The salary gap between substantive and agency workers is now huge, with some salaries four times that of the equivalent permanent position. This is the result of neighbouring trusts competing for the same temporary workers and driving up pay rates. It is made worse by inadequate systems and the intense pressure of healthcare recruitment. At the end of the day, decision makers are, of course, willing to pay these high costs to prevent a serious disruption to a frontline service. It’s an impossible choice, but there are ways of avoiding it.

What is the solution?

Clearly, the challenge that the NHS faces to cut down the overspend on agency staff won’t be easy to overcome, and doing so without impacting our vital healthcare services will be tall order.

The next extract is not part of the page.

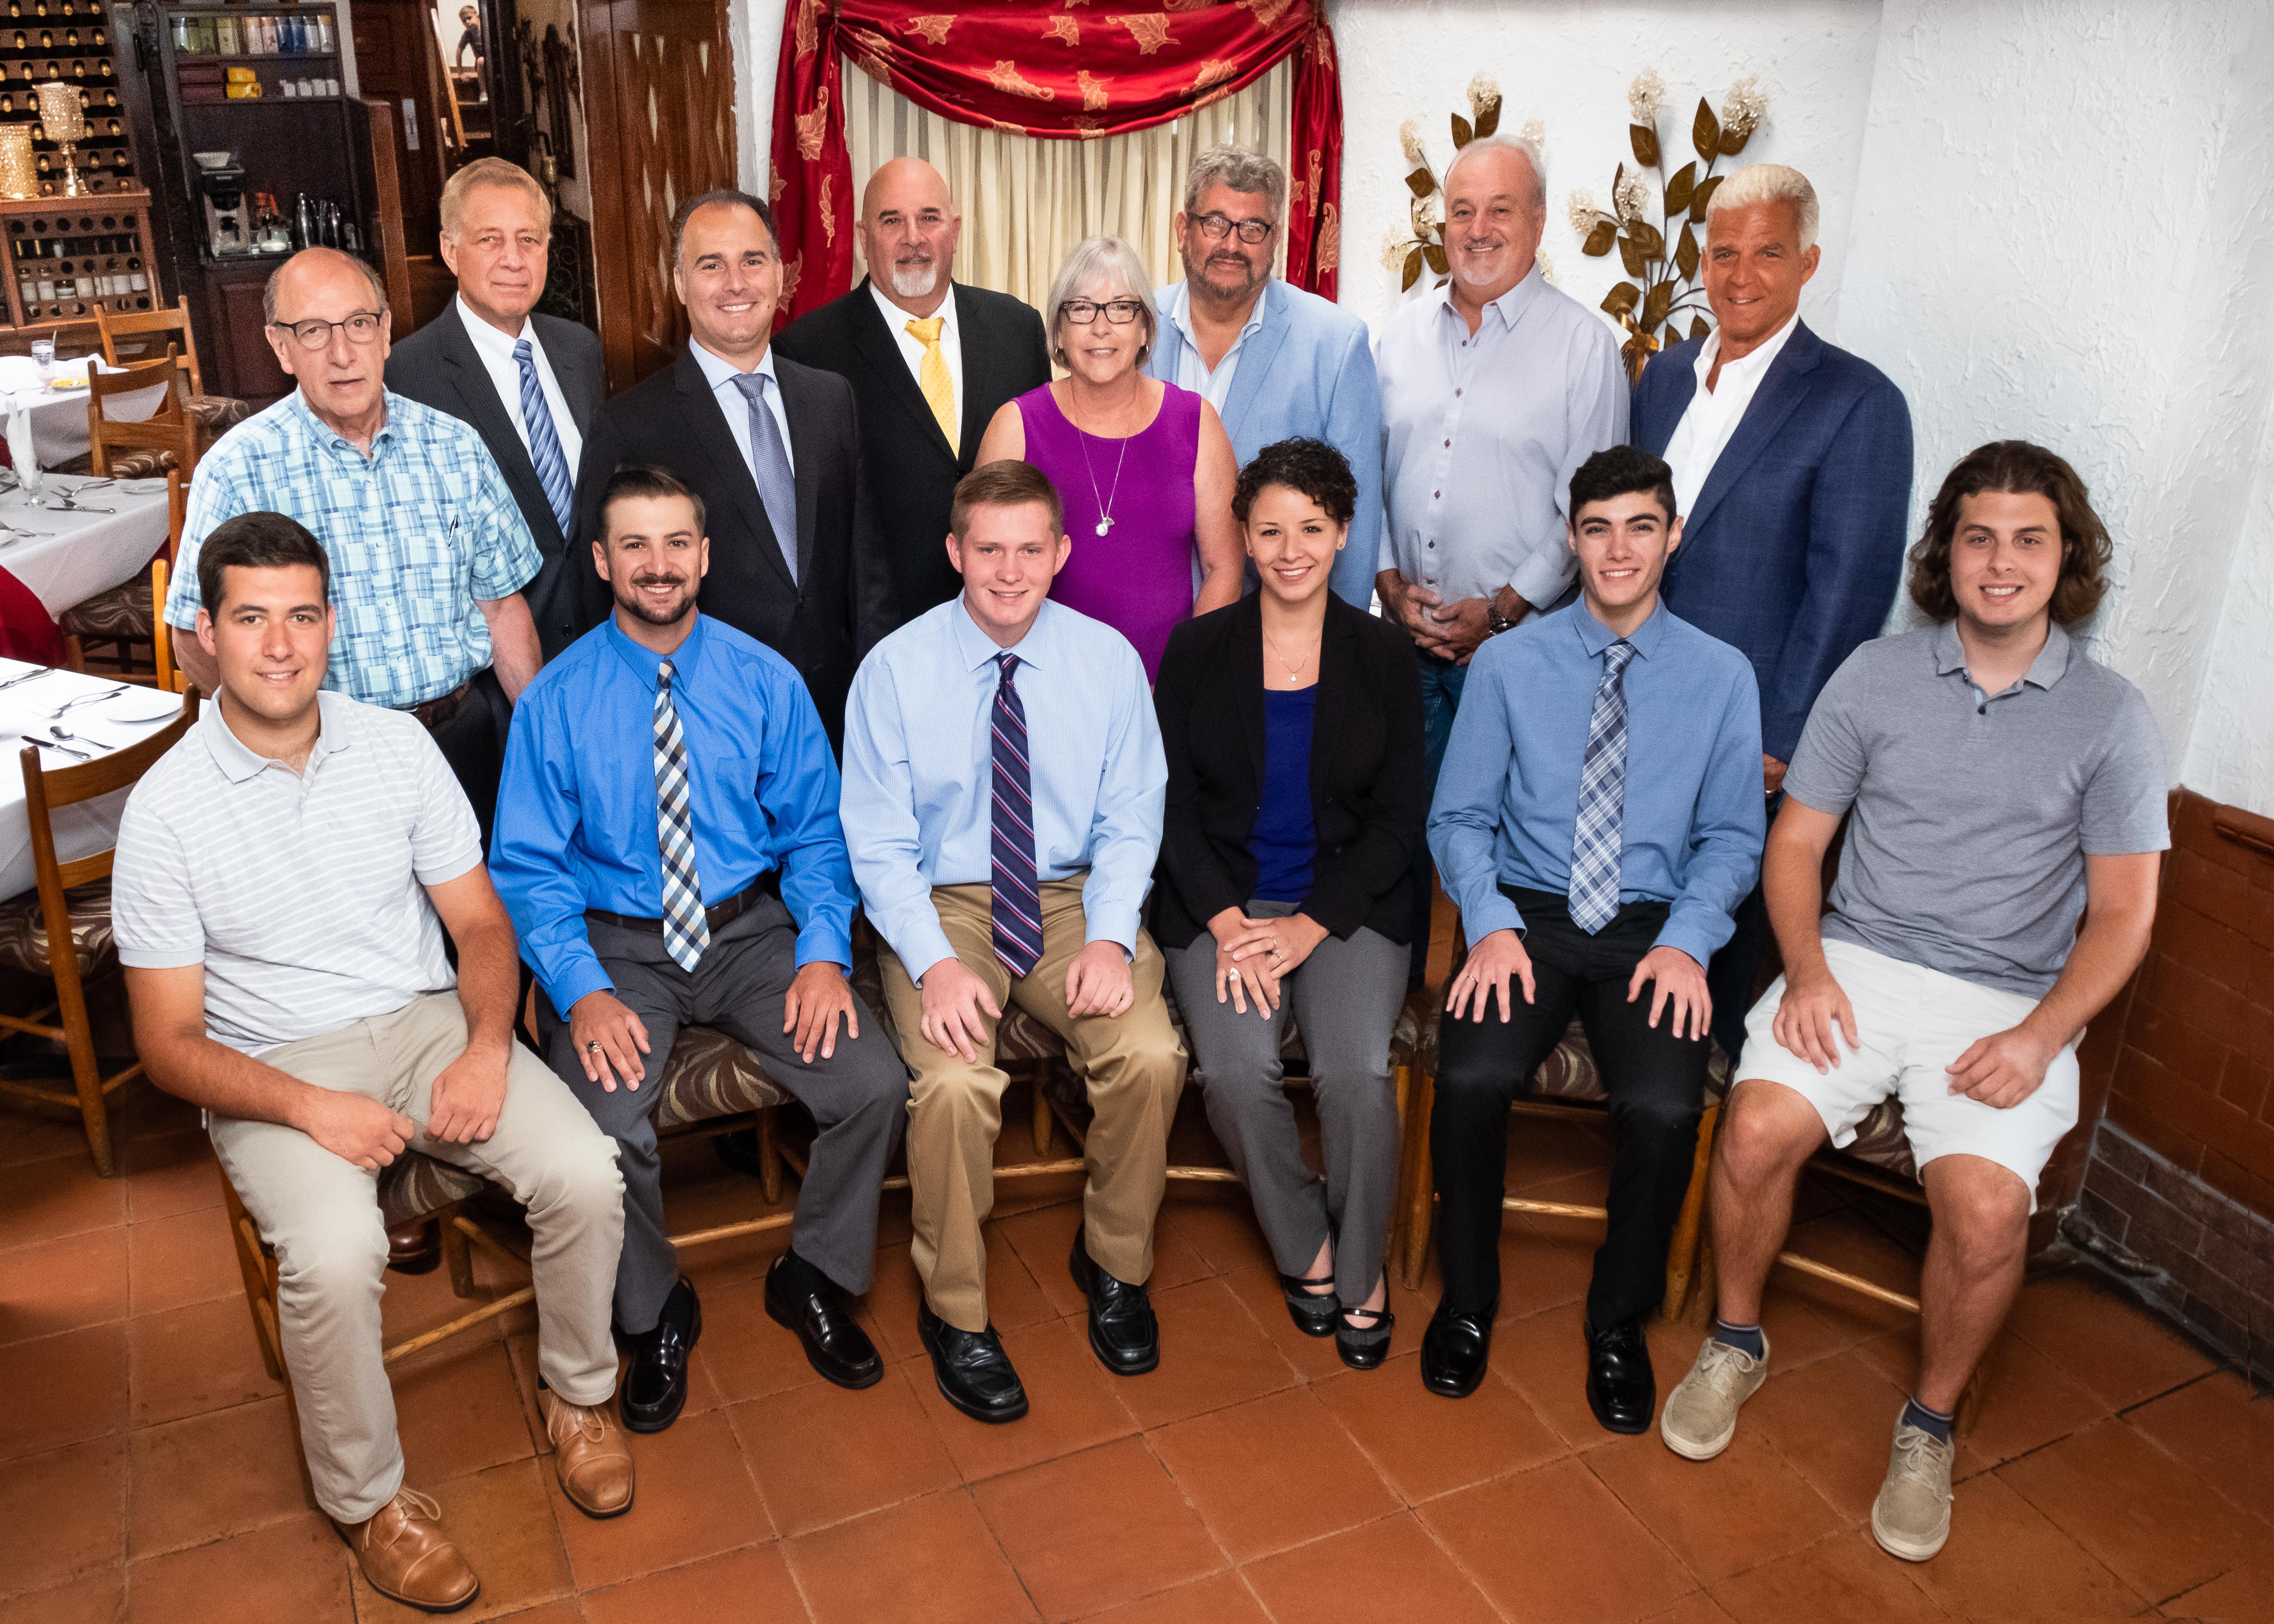 Scholarships for senior citizens returning to college

But while this feels like a monumental task, it begins simply with better visibility. This means better visibility of workers – both full time and temporary – to ensure full oversight of the rota and potential gaps, and better visibility of how much and who money is being spent on and why. This will enable the critical awareness and time to negotiate the price for a worker and ensure they are only employed for as long as necessary. With this system in place, trusts will know exactly where overspend is happening and can put a plan in place to reduce it before it comes down to a life-or-death decision.

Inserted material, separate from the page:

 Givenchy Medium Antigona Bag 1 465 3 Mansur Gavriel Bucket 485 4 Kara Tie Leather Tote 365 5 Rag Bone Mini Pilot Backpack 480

Most importantly, the technology and services required to implement an effective workforce management system to do this already exists, through companies such as Plus Us who partner with third party platforms to address this very challenge.  To save on cost and time, it makes far more sense to utilise resources which have been proven to be effective, rather than starting from scratch and spending millions on a new NHS app that doesn’t guarantee success.

Embracing change

The battle to reduce agency staffing overspend isn’t going to be won overnight, and it’s likely that along the way, state of the art technologies like artificial intelligence will have a role to play in speeding up processes and maximising the efficiency of operations, as Mr Hunt has predicted. In the short term though, significant savings can be made by streamlining technology and adopting the right service provision so that decision makers are equipped with the right systems and support to manage the temporary workforce in the best possible way.

For those decision makers, and the wider NHS community involved in the mission to improve productivity and efficiency and reduce costs, the technology and expertise that is available in the private sector can be embraced in order to get right outcome. Behaviours, systems and ways of working that have been in place for years will need to change before progress can be made, but the technology and know-how is out there to help do this.

The first step: get rid of paper timesheets!